The beginning of everyth.., p.18
The Beginning of Everything, page 18
“Oh, hey. I thought you’d gone to bed,” says Gethin, emerging from the dining room with a rattling armful of beer bottles.
“No, I was reading,” I say, which is easier than saying “writing,” because if you say you’re writing, people ask you about it. “Thought I’d come down and get ahead of all this.”
“Yeah, look at it all, the monsters,” he says. “There are literally a million empty bottles.”
“You know that’s not what ‘literally’ means, right?”
He laughs at this. “A hundred.

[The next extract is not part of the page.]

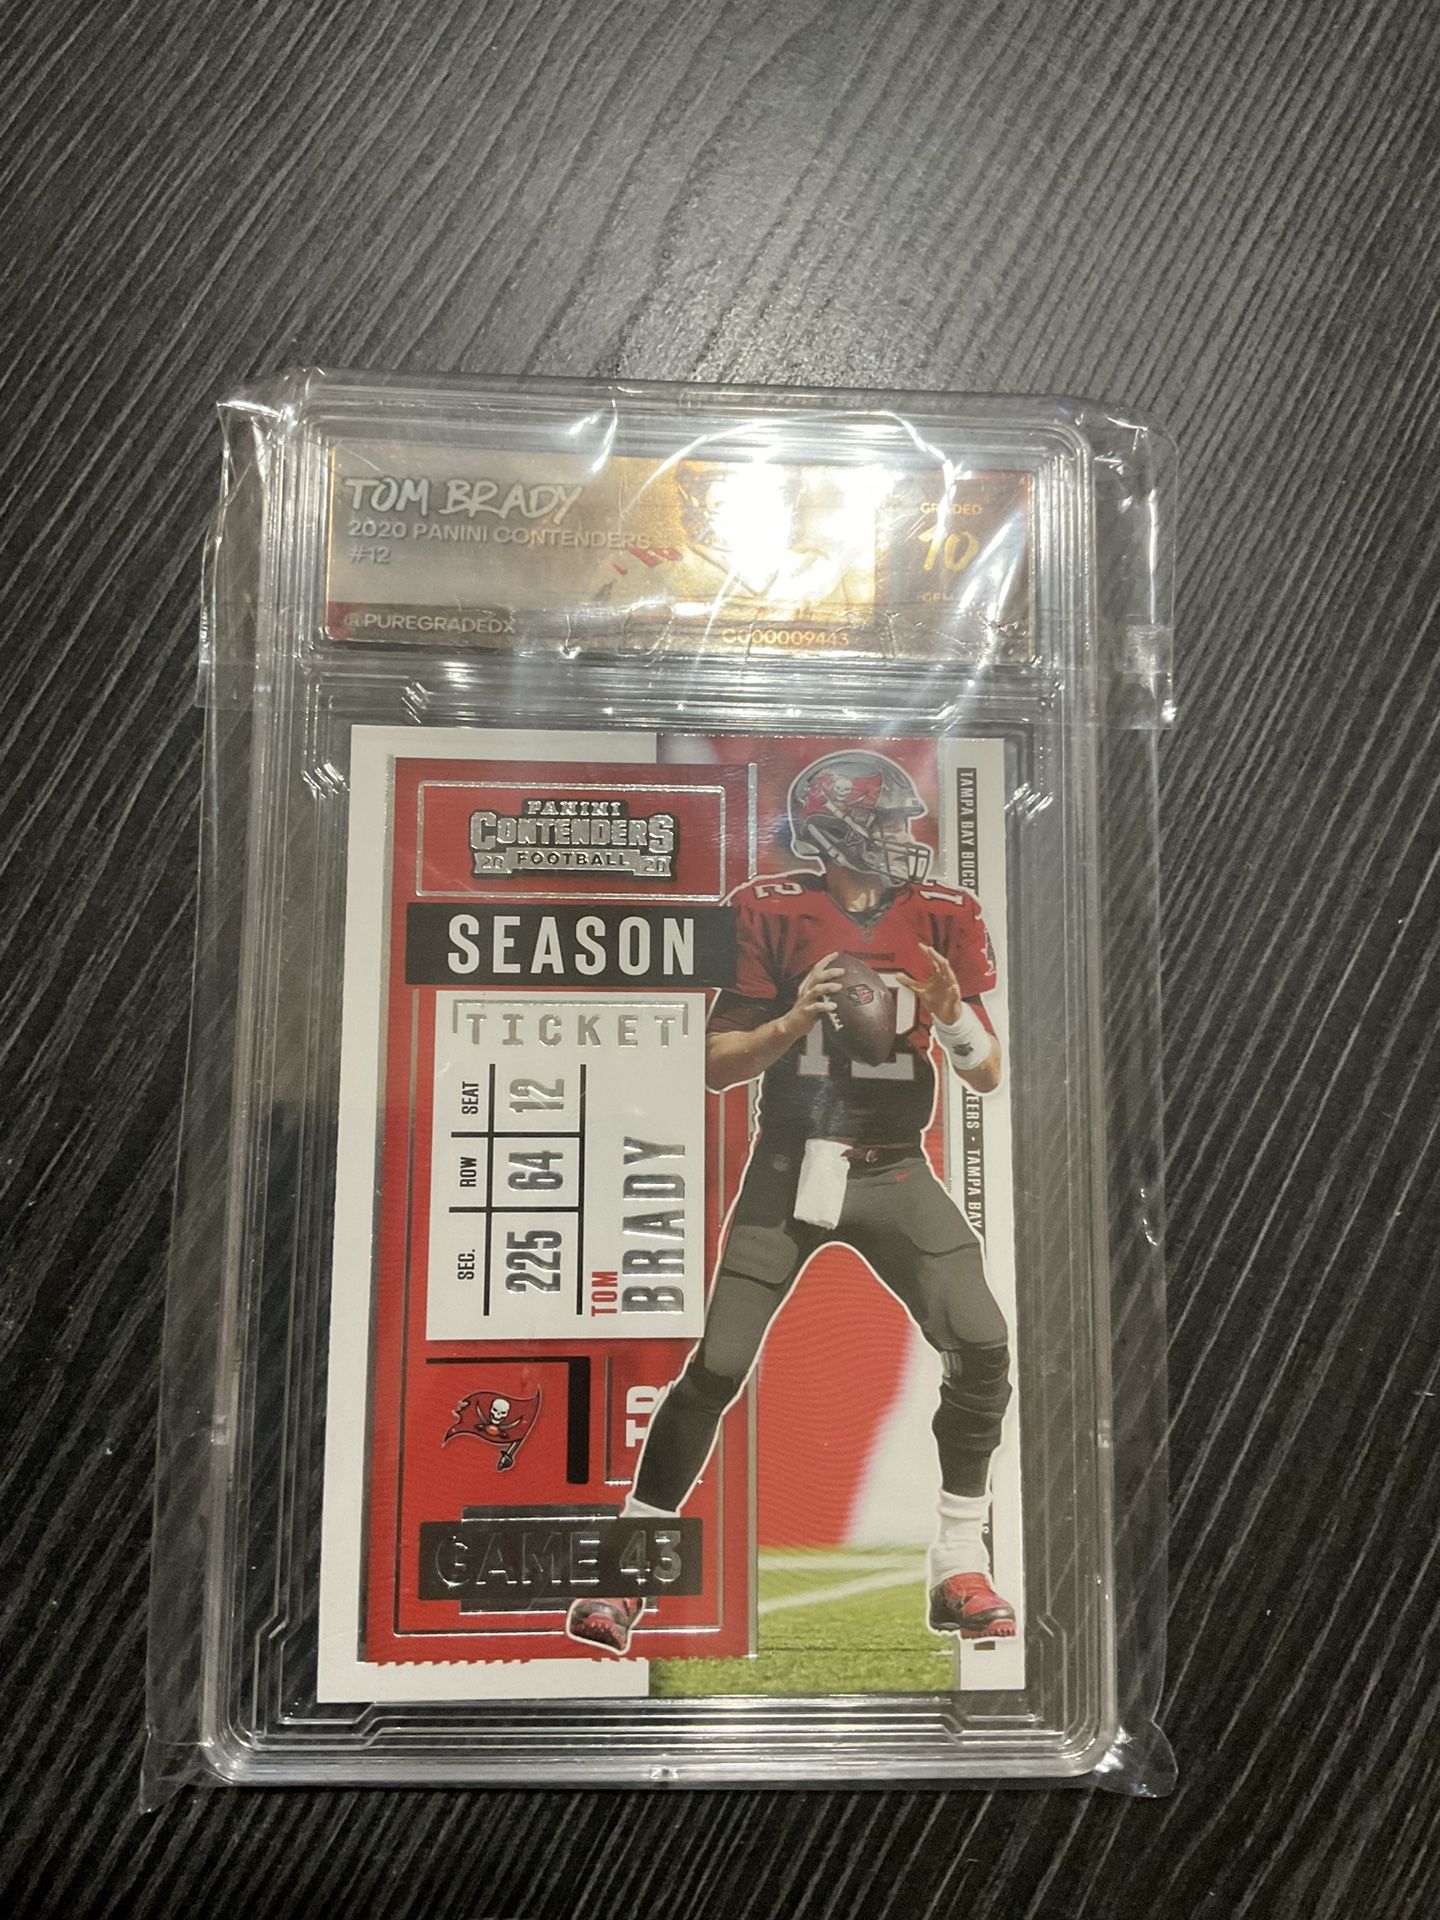 Professionally Graded 2020 Contenders Tom Brady Football Card Gem Mint 10 Tampa Bay Buccaneers GOAT

At least.”
“Someone’s left their cardi,” I tell him.
“Yeah, I found a phone, and a pair of shoes in the garden. People are shit at looking after their stuff.”
“A pair of shoes?”
“Yeah, I put them by the folding doors. No idea who they belong to. A woman, of some kind.”
This makes me laugh. “ ‘Of some kind’?”
“I can’t tell much from the shoes.” He grins at me. I collect the remaining glasses from the front room, take them to the kitchen, and return with a trash bag for the paper plates. They’re going in the compost, but I need something to collect them in.
“I’m glad we took the rug up,” he says, looking at the scatter of bottle tops and food.
“I know, right? I won’t hoover until tomorrow; I expect next door hate us enough already.” I plump the cushions on the sofa and rescue a half-full can of Coke from behind the telly. “Is there any food left?”
“Not really.”
I follow him out to the dining room and regard the table, covered in empty plates and dishes.
“That all went okay, then.”
“Bloody gannets. I didn’t get to eat hardly any of the stuff we made,” he complains. “I didn’t have a single sausage roll, or any of those salmon things.”
“No, neither did I. Still, good that it all got eaten.” I swipe my finger round the edge of a bowl that once had dip in it. “This is good, the bean dip.” I lick my finger. “I might make that again so we can eat it.”
“Danny Jenkins said the guacamole was the best he’s ever had. And he’s been to Mexico,” says Gethin, and we laugh, rather hysterically, at each other.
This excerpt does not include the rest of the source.